Mehrparteien-Antrag für Pyrotechnik-Verzicht

Im Namen der Wörgler Grünen, der Liste Wir für Wörgl. Roland Ponholzer, von GR Gabi Madersbacher, STR Elisabeth und GR Hubert Werlberger wurde der Antrag an den Bürgermeister gestellt, auf einen Verzicht zum Verkauf von Pyrotechnik-Artikeln in der Stadt hin zu wirken und eine Aufklärungskampagne zu starten: „Der private Gebrauch von Feuerwerkskörpern stellt eine erhebliche Belastung für Menschen, Tiere und die Umwelt dar. Feinstaub, Lärm, Schadstoffe wie Schwermetalle und Müll in der Landschaft, der eine Gefahr für Weidetiere und das Grundwasser ist. Dazu kommt noch das Verletzungsrisiko und die Waldbrandgefahr“, sind sich die Pyrotechnik-Gegner einig. Gewünscht wird eine Kooperation mit der Wirtschaft zur Bewusstseinsbildung mit dem Ziel einer „böllerfreien Stadt“.

Bgm.
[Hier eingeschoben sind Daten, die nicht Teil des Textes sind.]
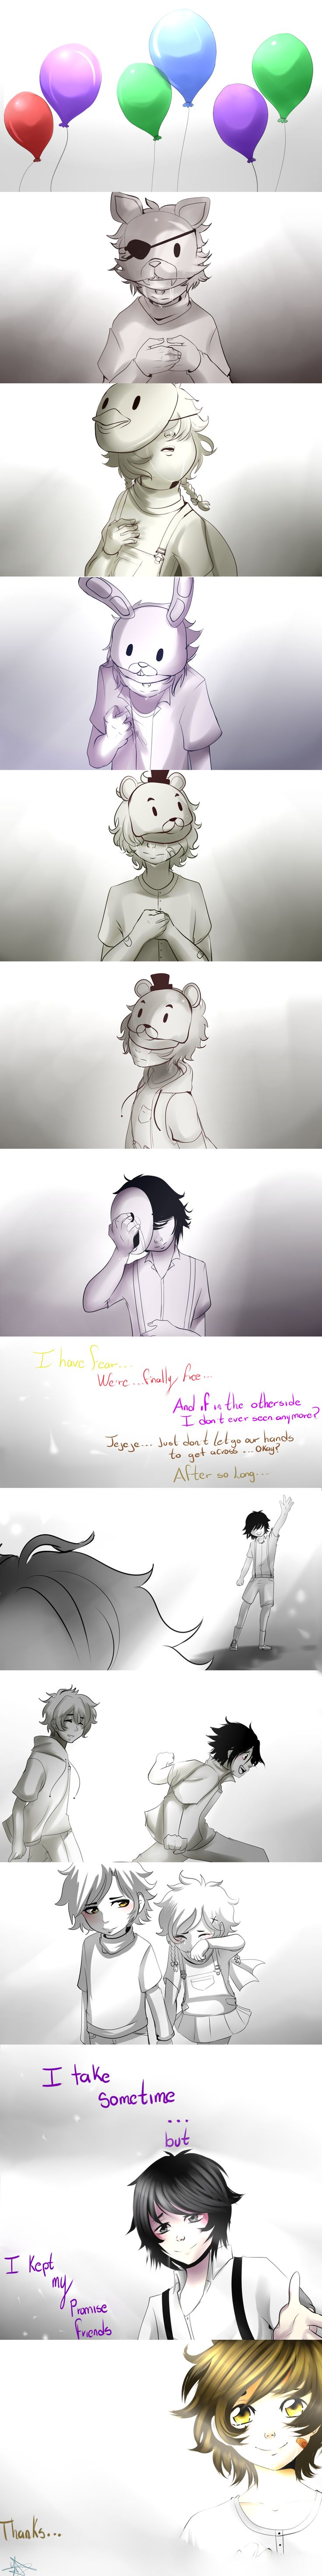 Vamo a llorar :''''v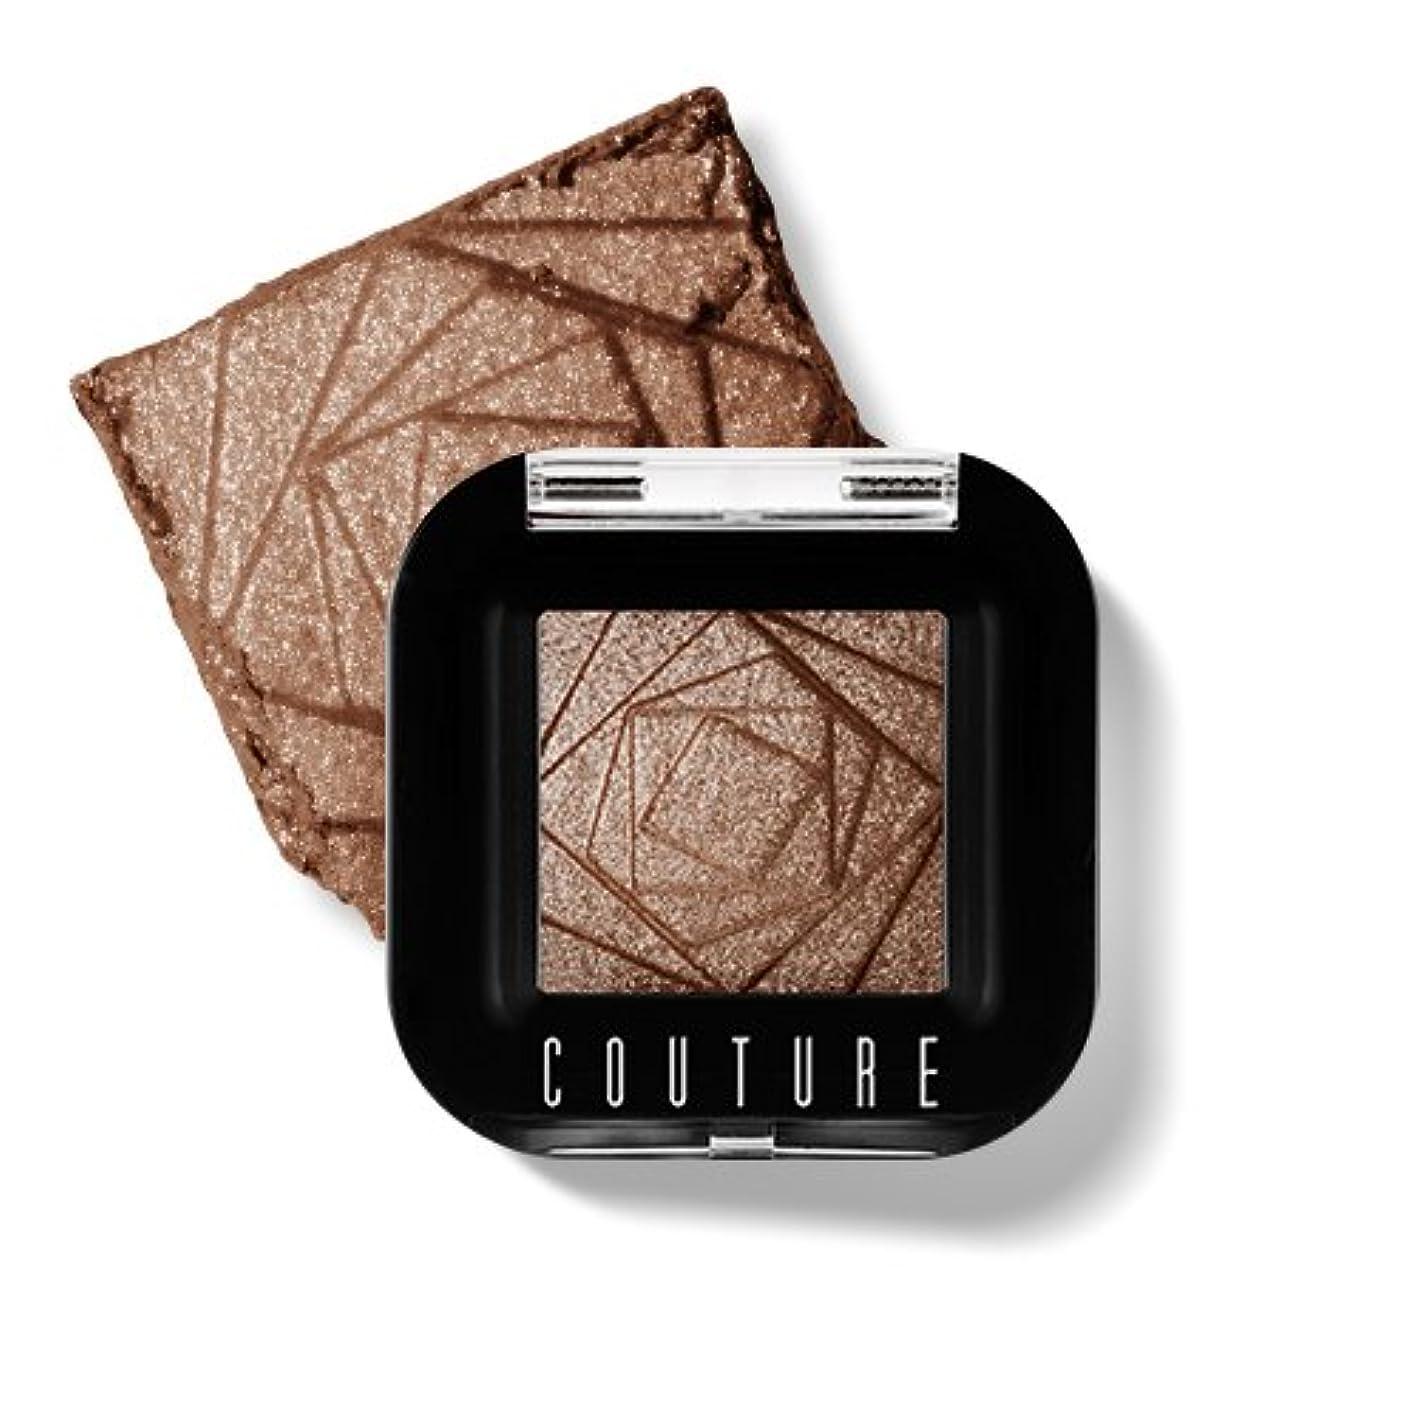 ジョットディボンドンシャープ広範囲にAPIEU Couture Shadow (# 10) /アピュ/オピュ クチュールシャドウ [並行輸入品]

Riedhart begrüßte den Antrag, den „ich auch unterschrieben hätte“ – leider seien nicht alle Gemeinderäte gefragt worden, bei diesem Thema hätte es wohl einen überparteilichen Schulterschluss gegeben.

GR Madersbacher wies auf den Allparteien-Antrag im Tiroler Landtag hin, mit dem beim Bund ein Verbot von F2-Knallkörpern an Privatpersonen gefordert wird – diesen hätten auch alle Fraktionen mitgetragen.

Der Spielplatz beim Stadtpark Fischerfeld sorgt aufgrund der Geräuschkulisse immer wieder für Ärger bei den Anrainern.